▸ **Exercise instructions**: Write out the listing from the line with "湘江智谷·人工智能科技城，负责人李天鹏向记者展示机器人如何制作棉花糖。" to the line with "Peringati Hari Pahlawan, Satgas", both lines included, exactly and nothing beyond. Leave pictures out.

▸ **Material provided**:

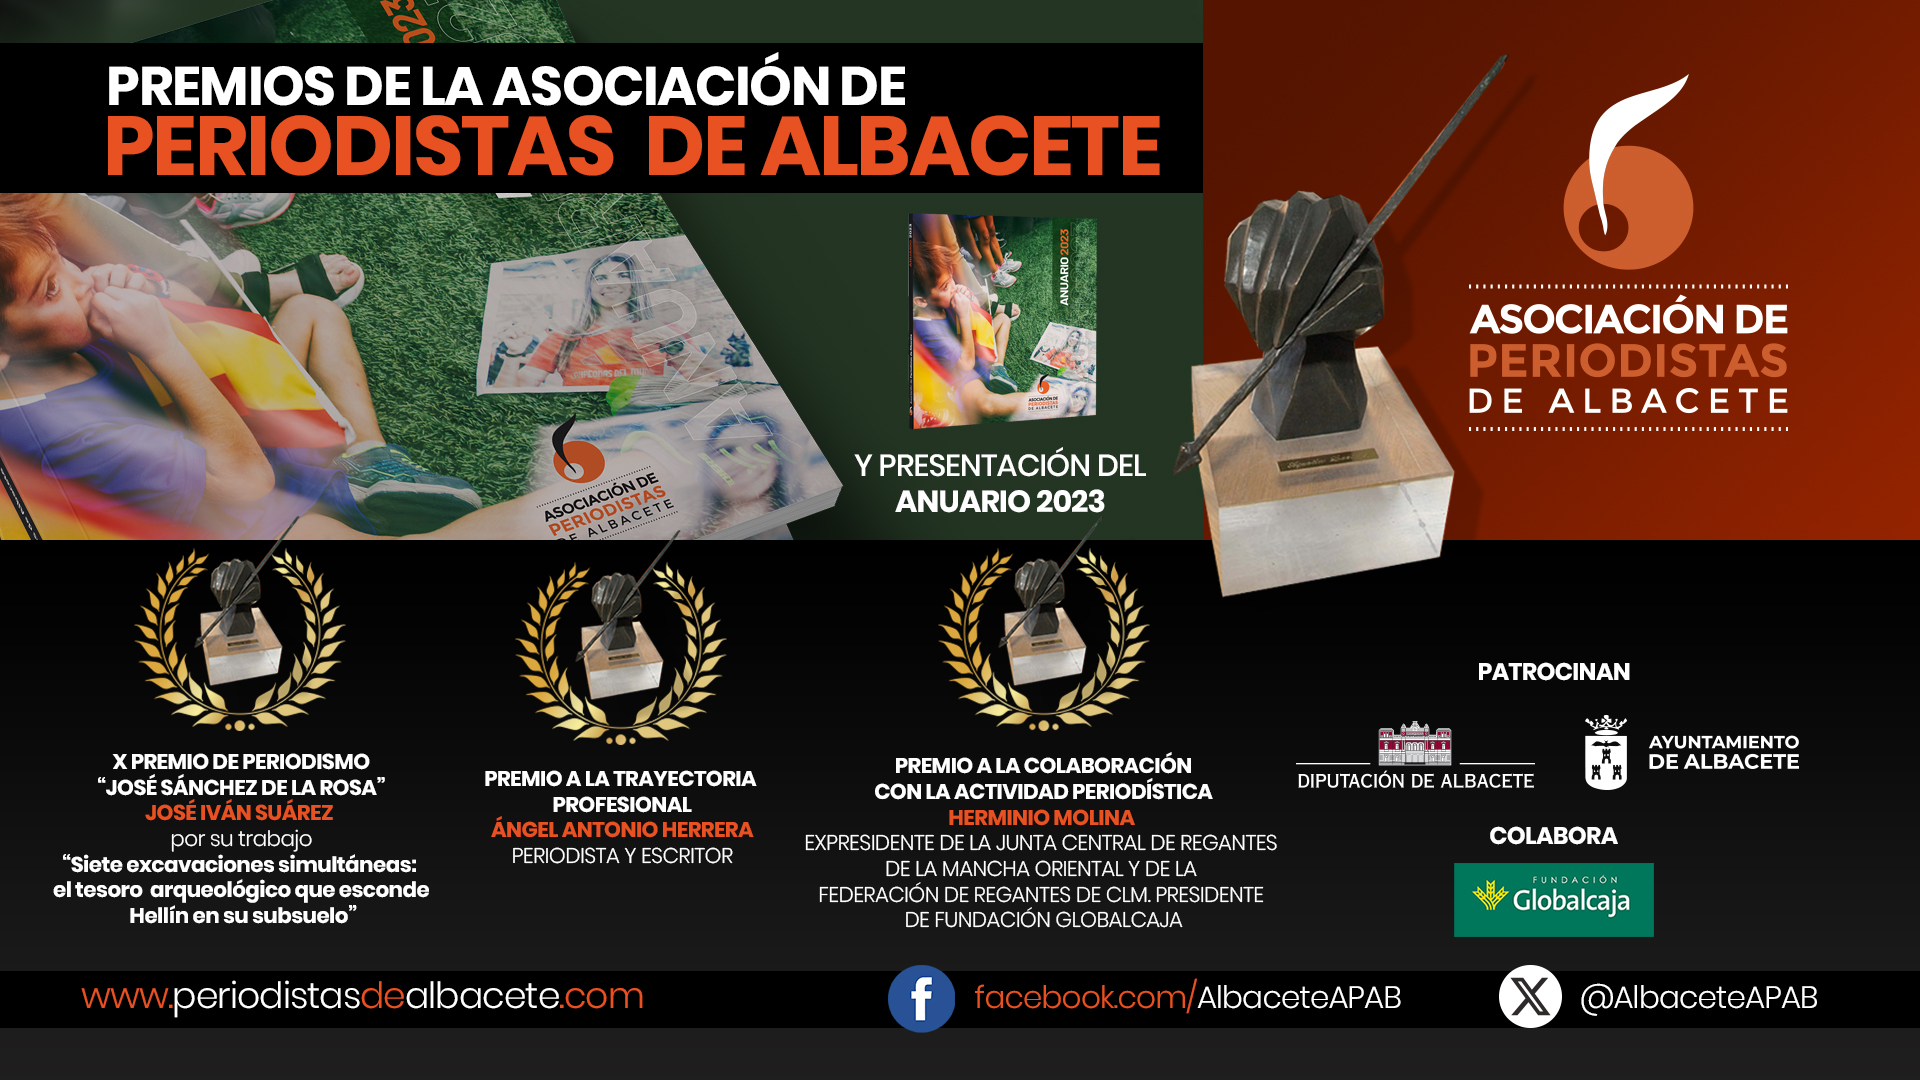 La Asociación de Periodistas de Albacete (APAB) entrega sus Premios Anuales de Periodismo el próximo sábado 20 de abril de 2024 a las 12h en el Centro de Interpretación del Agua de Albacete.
---
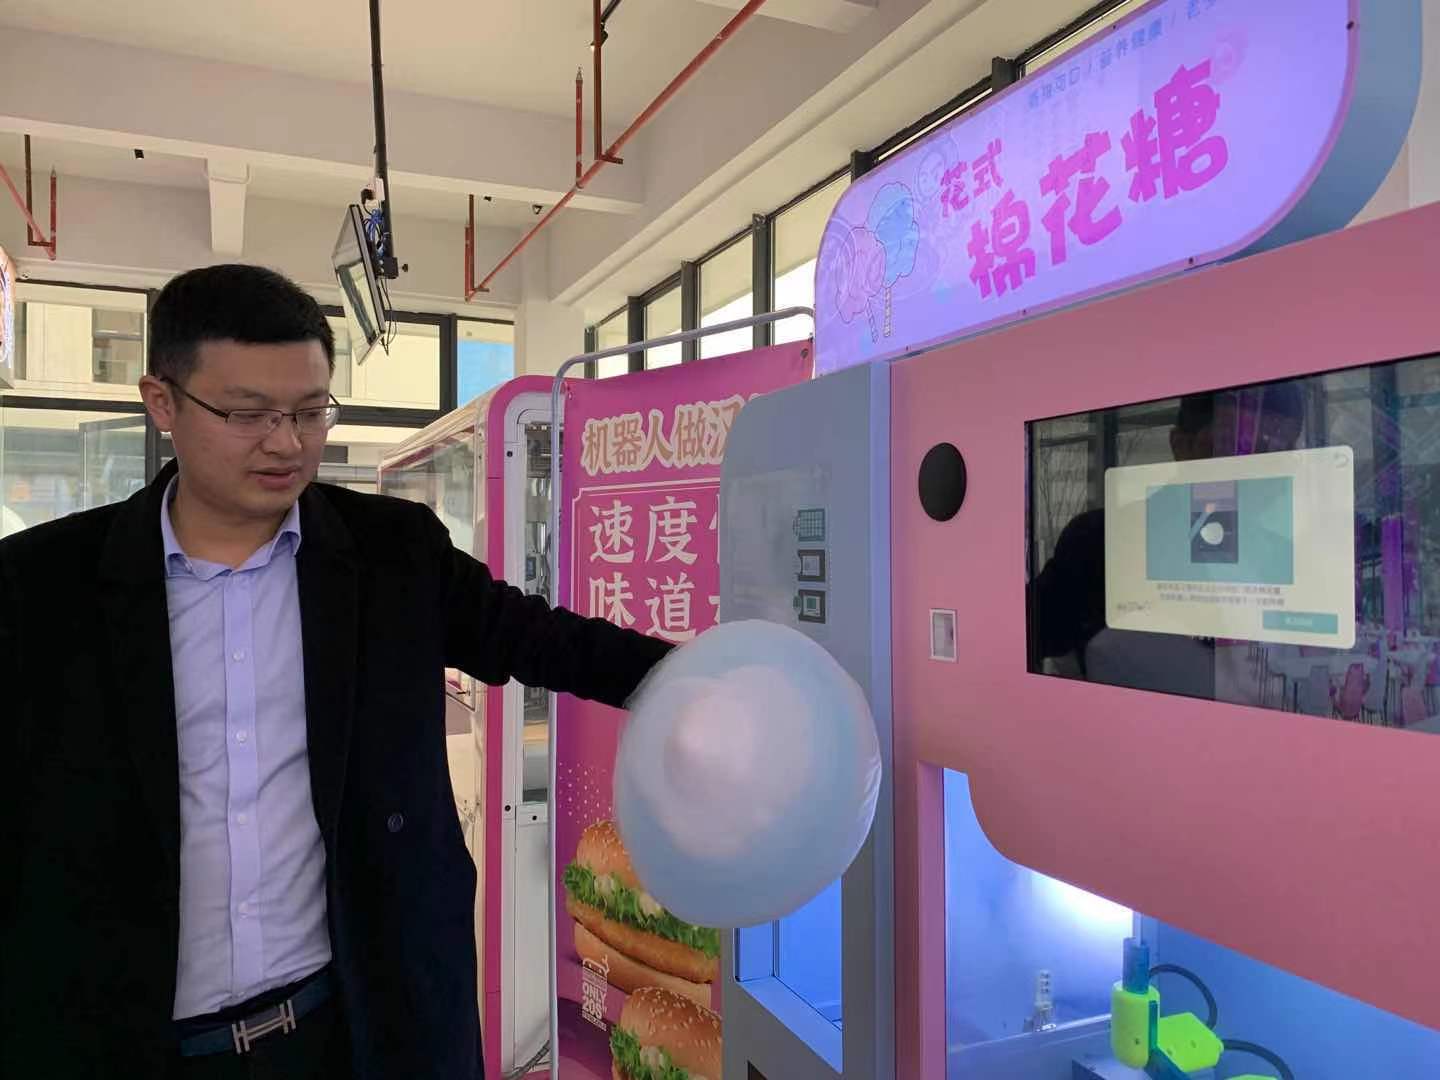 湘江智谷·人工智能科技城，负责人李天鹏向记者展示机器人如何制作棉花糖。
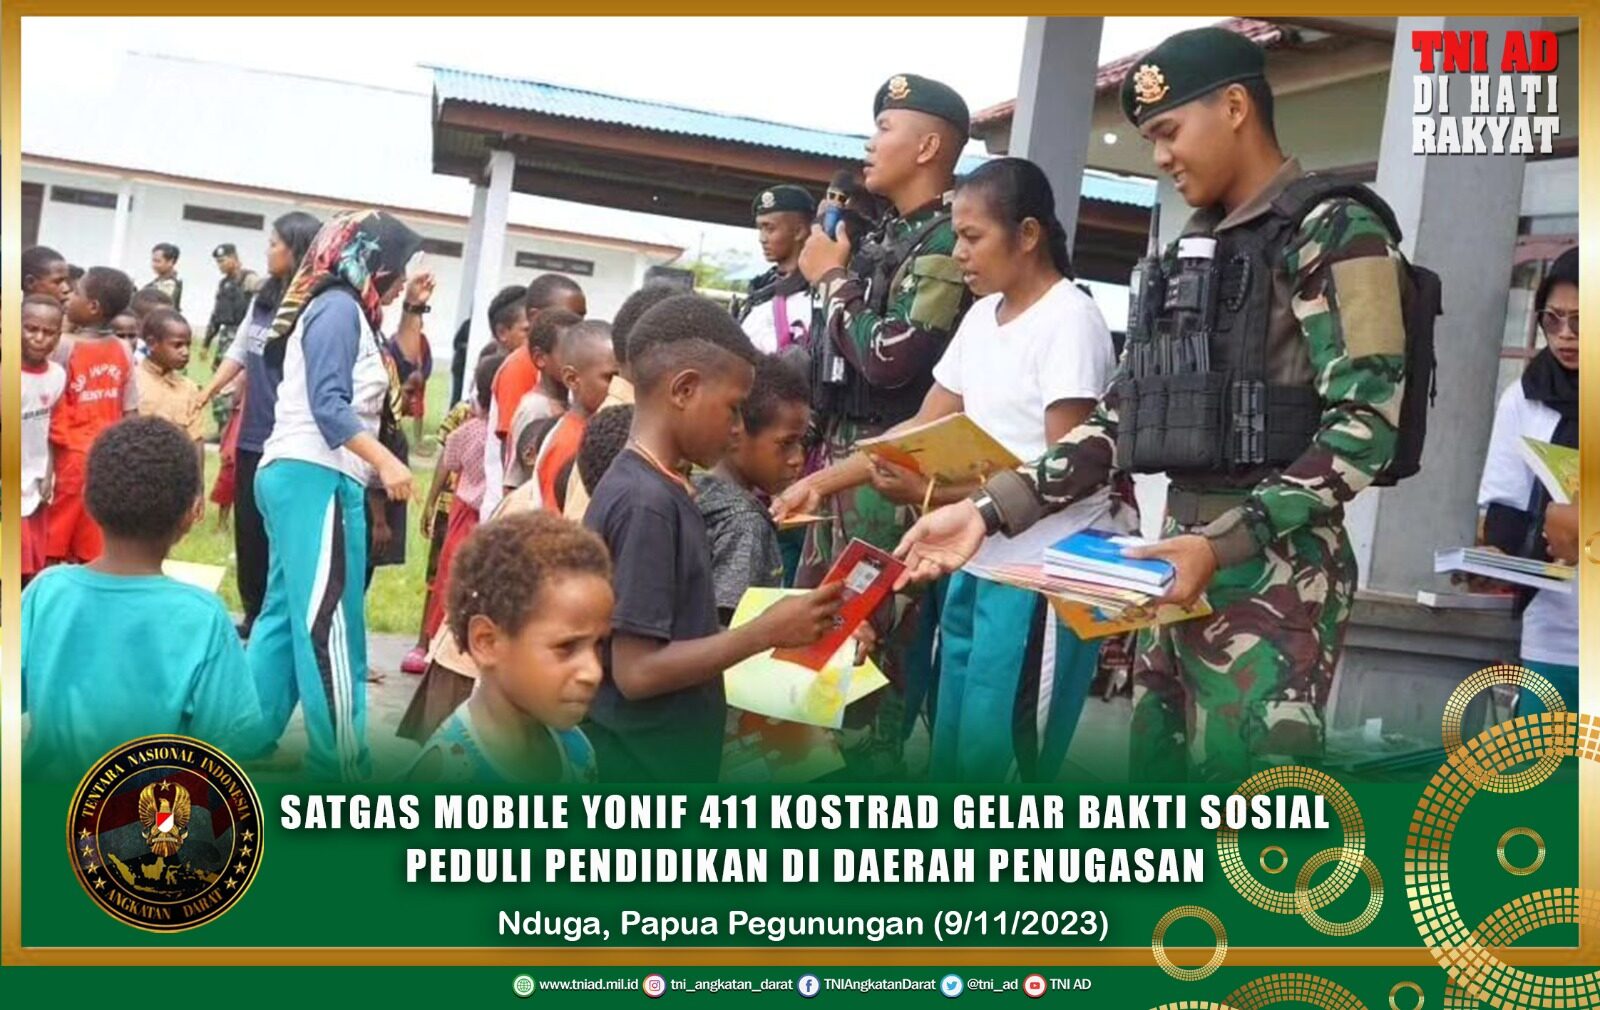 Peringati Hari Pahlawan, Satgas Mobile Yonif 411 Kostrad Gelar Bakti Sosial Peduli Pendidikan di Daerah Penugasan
--
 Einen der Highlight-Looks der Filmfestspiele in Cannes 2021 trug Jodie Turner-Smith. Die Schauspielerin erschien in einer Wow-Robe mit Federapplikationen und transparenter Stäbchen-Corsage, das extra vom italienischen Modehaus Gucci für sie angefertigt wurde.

▸ **Worked solution**:
 湘江智谷·人工智能科技城，负责人李天鹏向记者展示机器人如何制作棉花糖。
 Peringati Hari Pahlawan, Satgas Mobile Yonif 411 Kostrad Gelar Bakti Sosial Peduli Pendidikan di Daerah Penugasan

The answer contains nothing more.